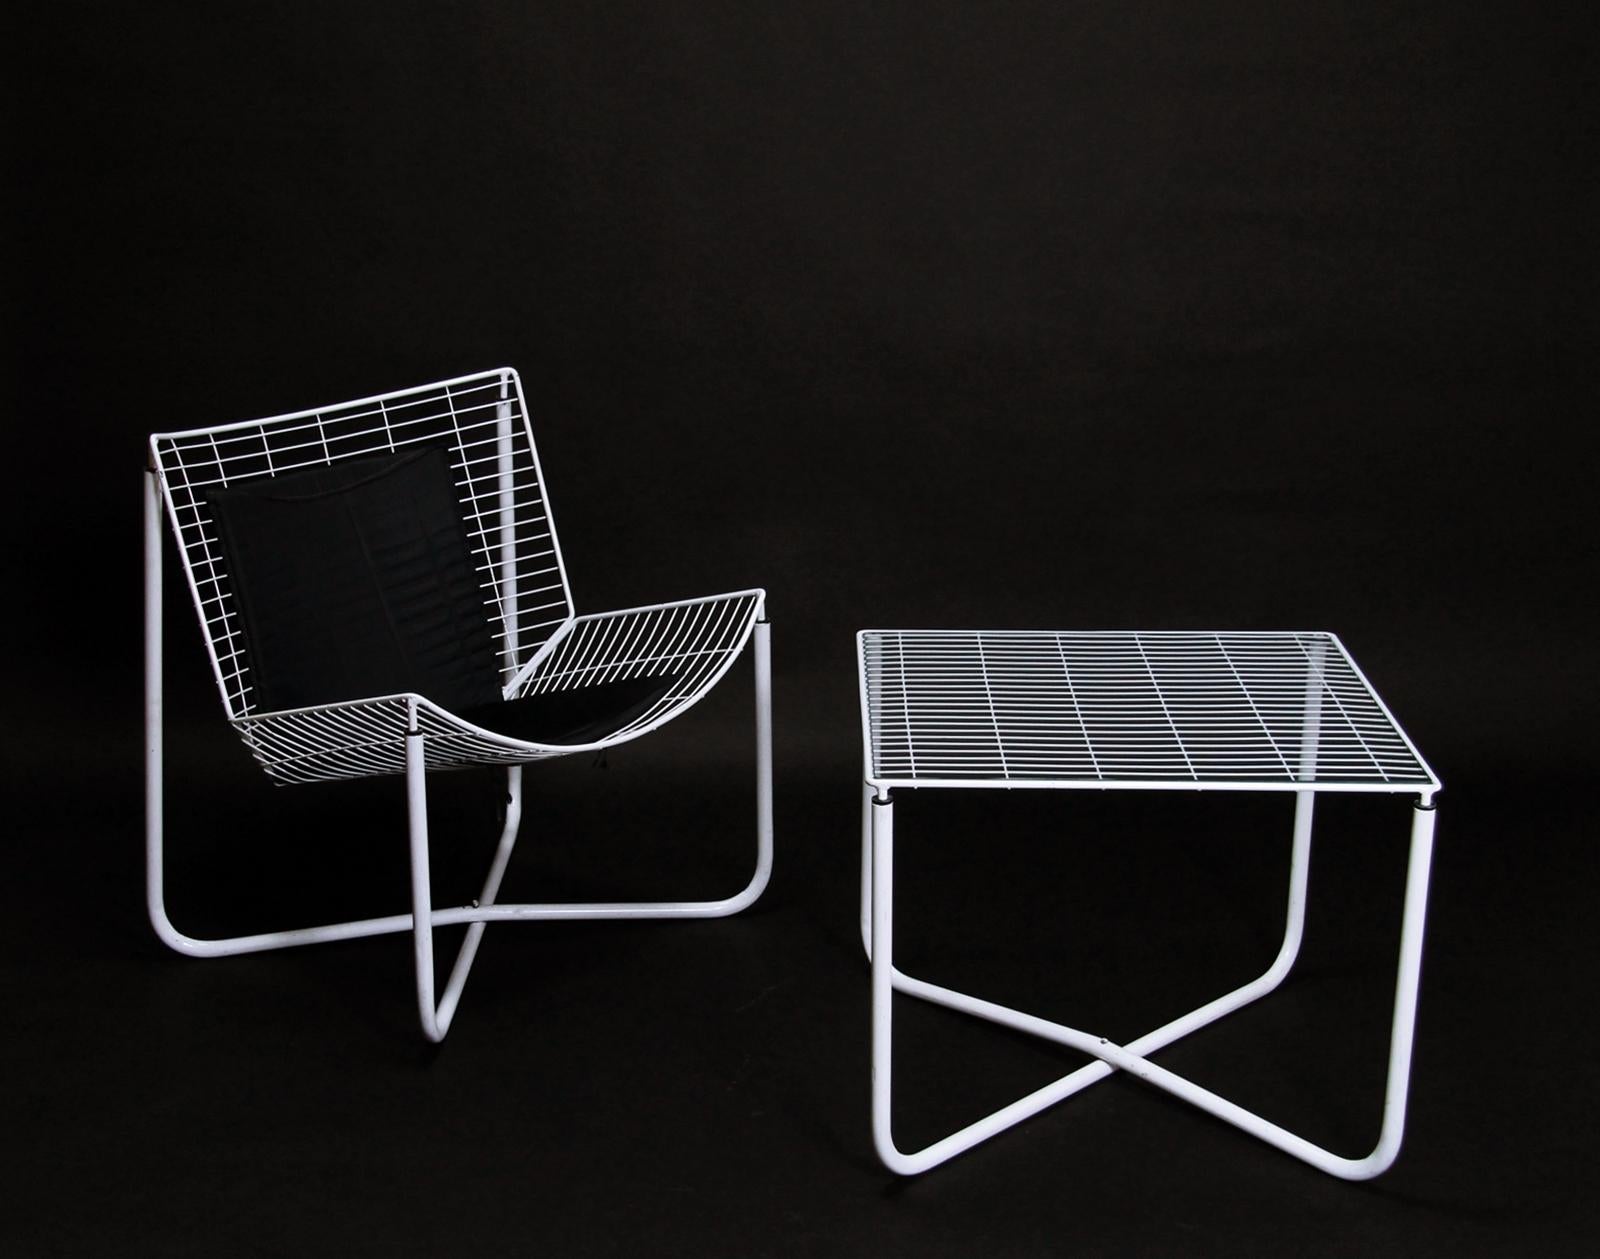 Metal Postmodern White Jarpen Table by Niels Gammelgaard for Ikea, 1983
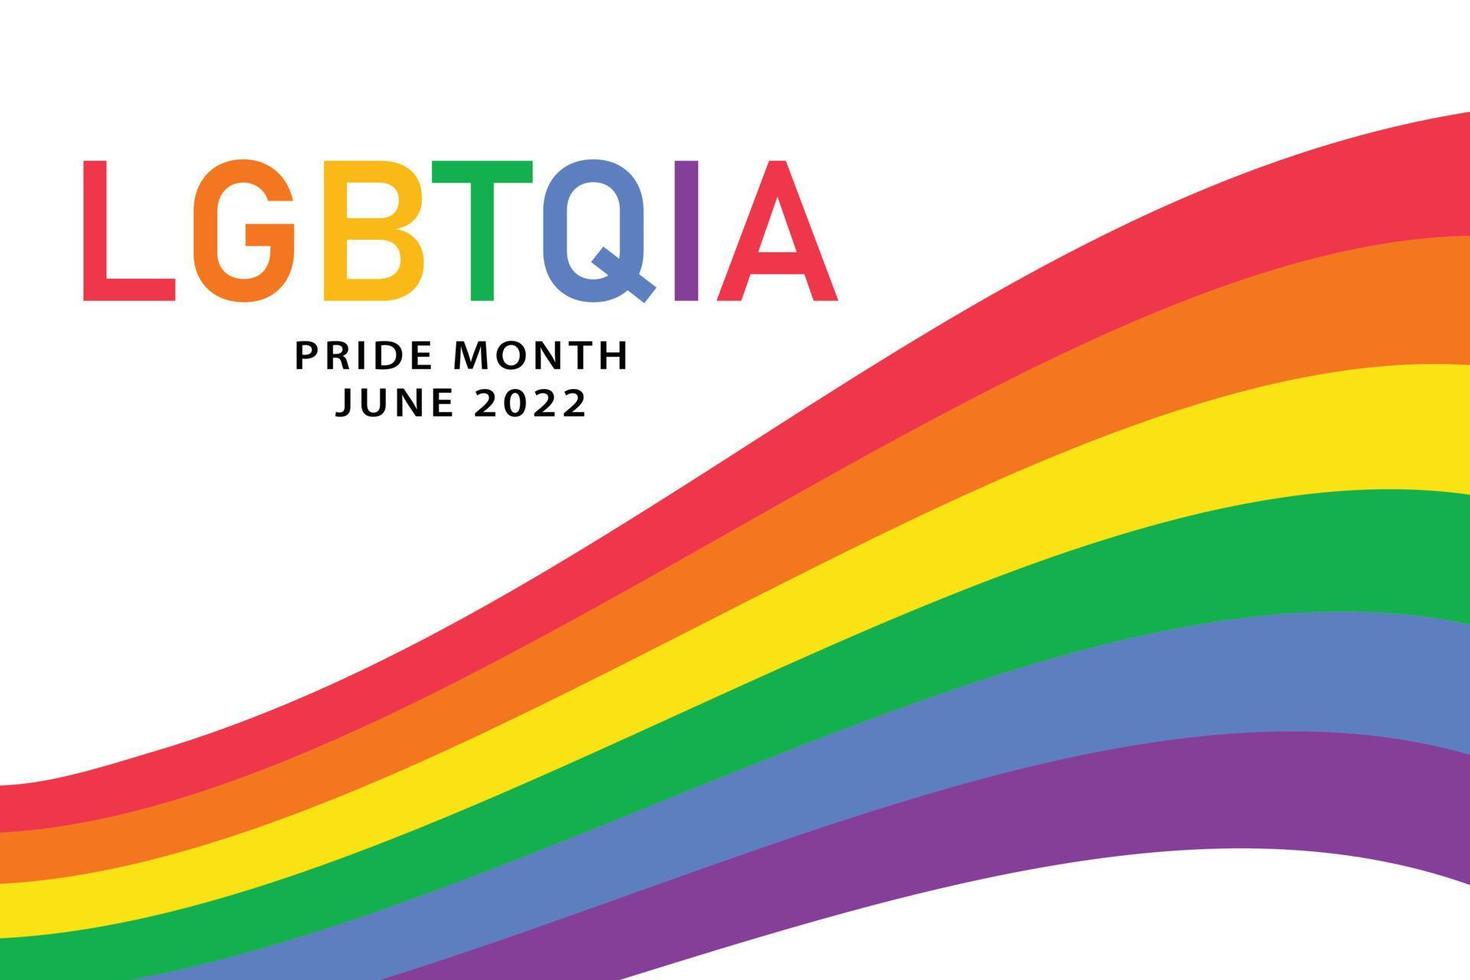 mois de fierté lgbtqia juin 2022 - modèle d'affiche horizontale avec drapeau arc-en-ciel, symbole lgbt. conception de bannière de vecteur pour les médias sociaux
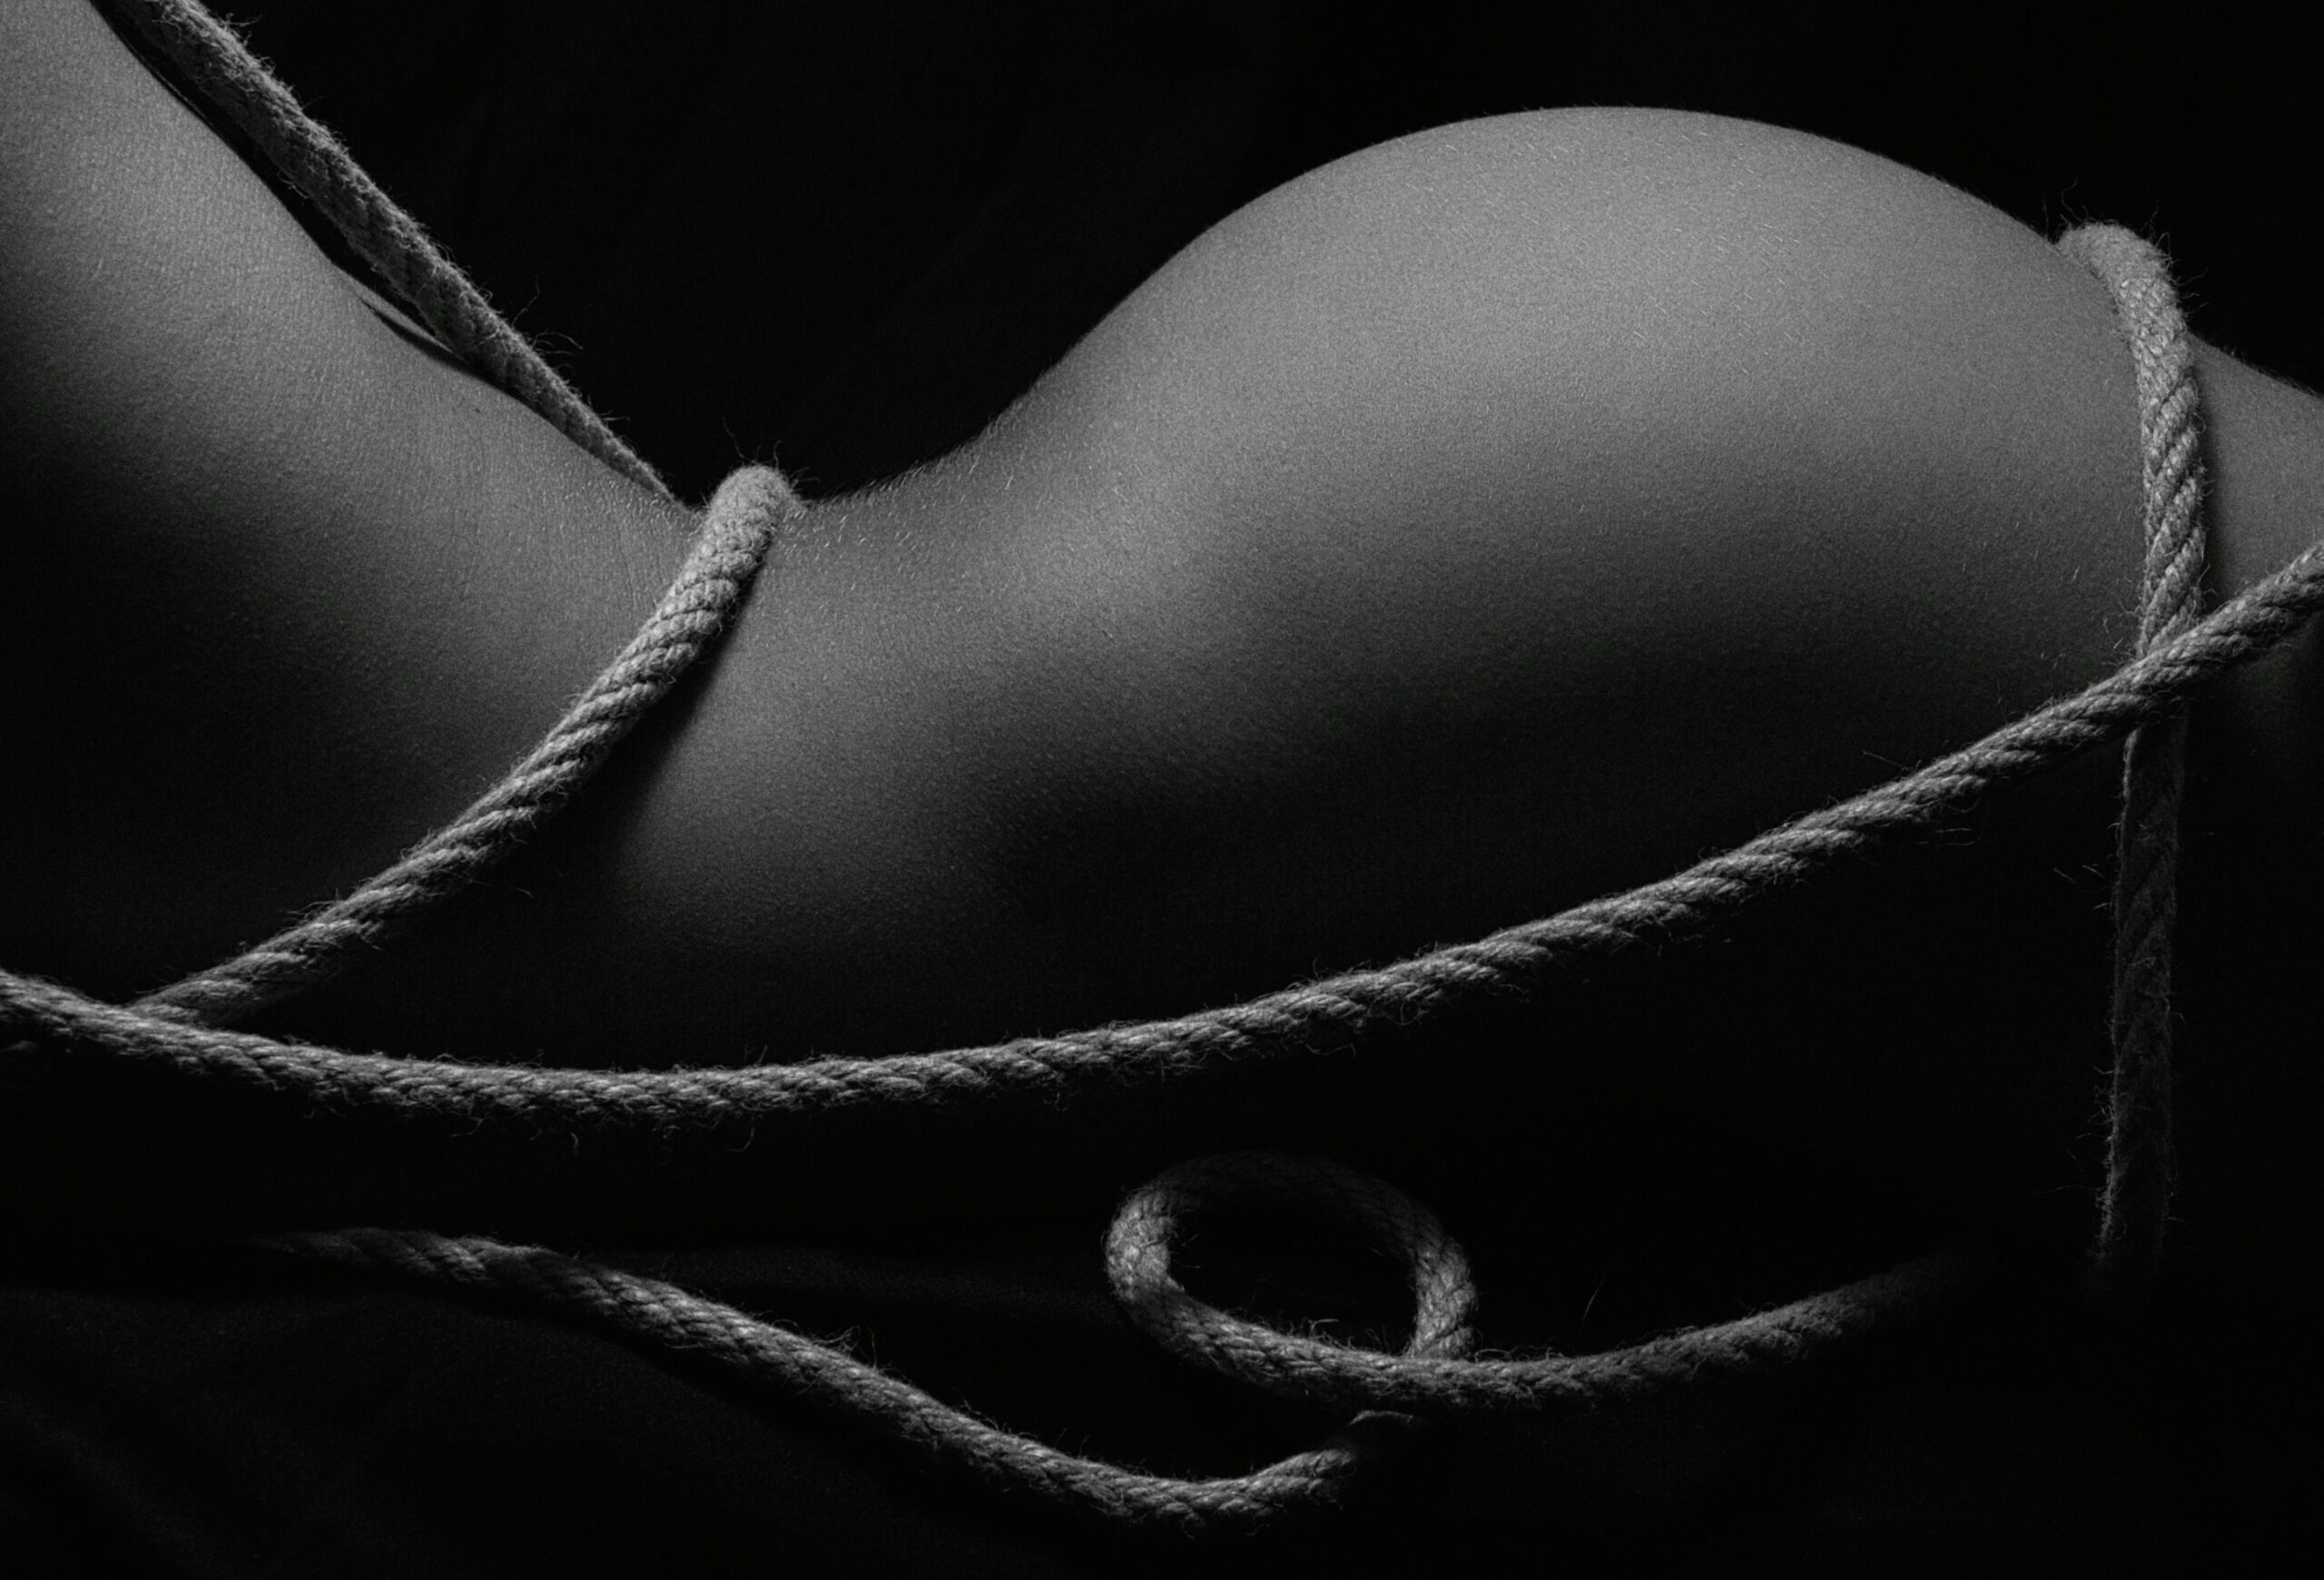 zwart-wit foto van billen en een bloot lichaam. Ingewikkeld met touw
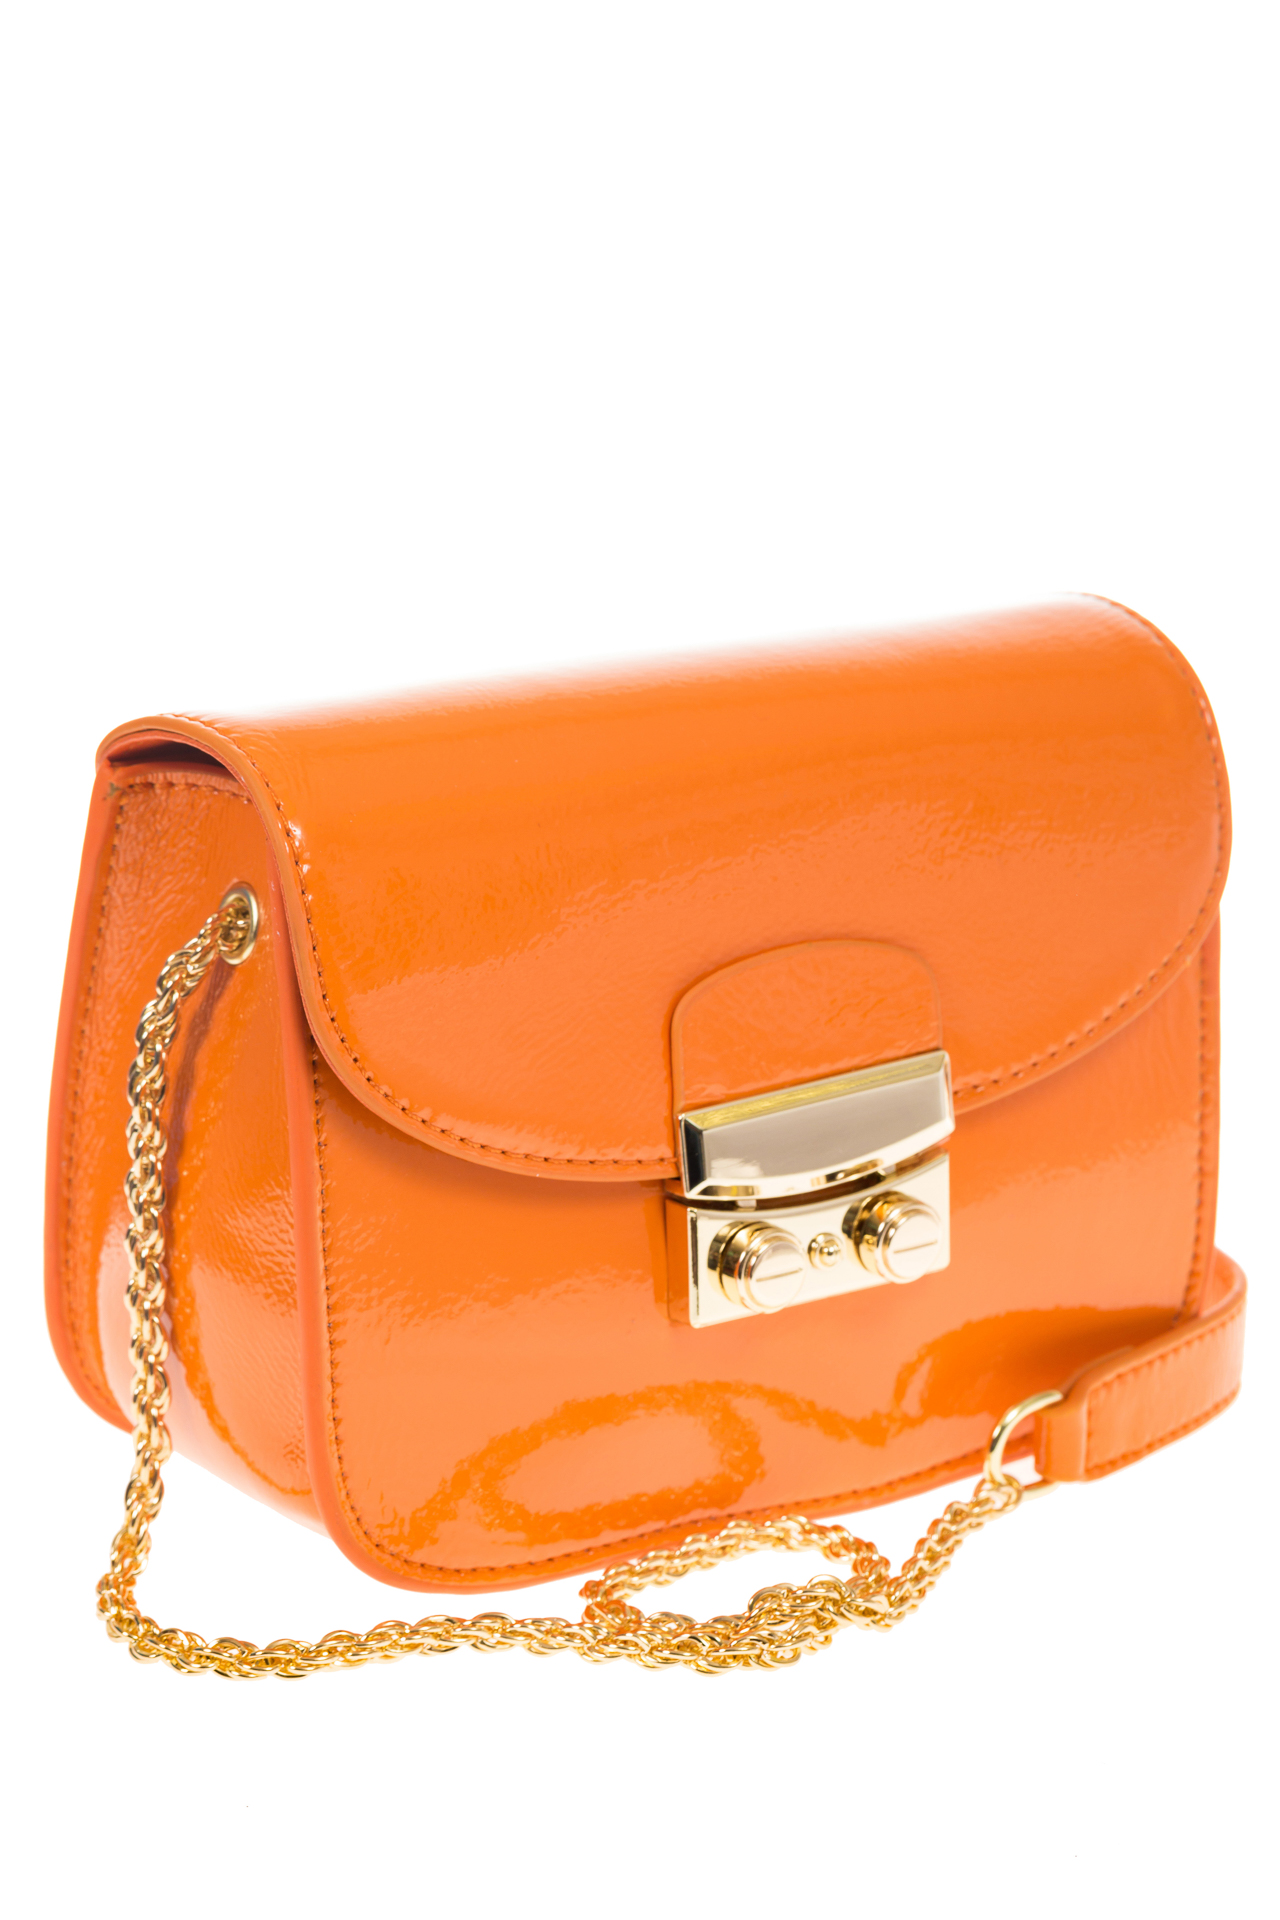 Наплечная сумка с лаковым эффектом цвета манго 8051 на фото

* **YOUR INSTRUCTIONS**
Every line between the one containing "zwart-wit foto van" and the last line of the data above, both included, should be copied exactly, but not the pictures.

* **SOLUTION FOR THIS TASK**
 zwart-wit foto van billen en een bloot lichaam. Ingewikkeld met touw
 Наплечная сумка с лаковым эффектом цвета манго 8051 на фото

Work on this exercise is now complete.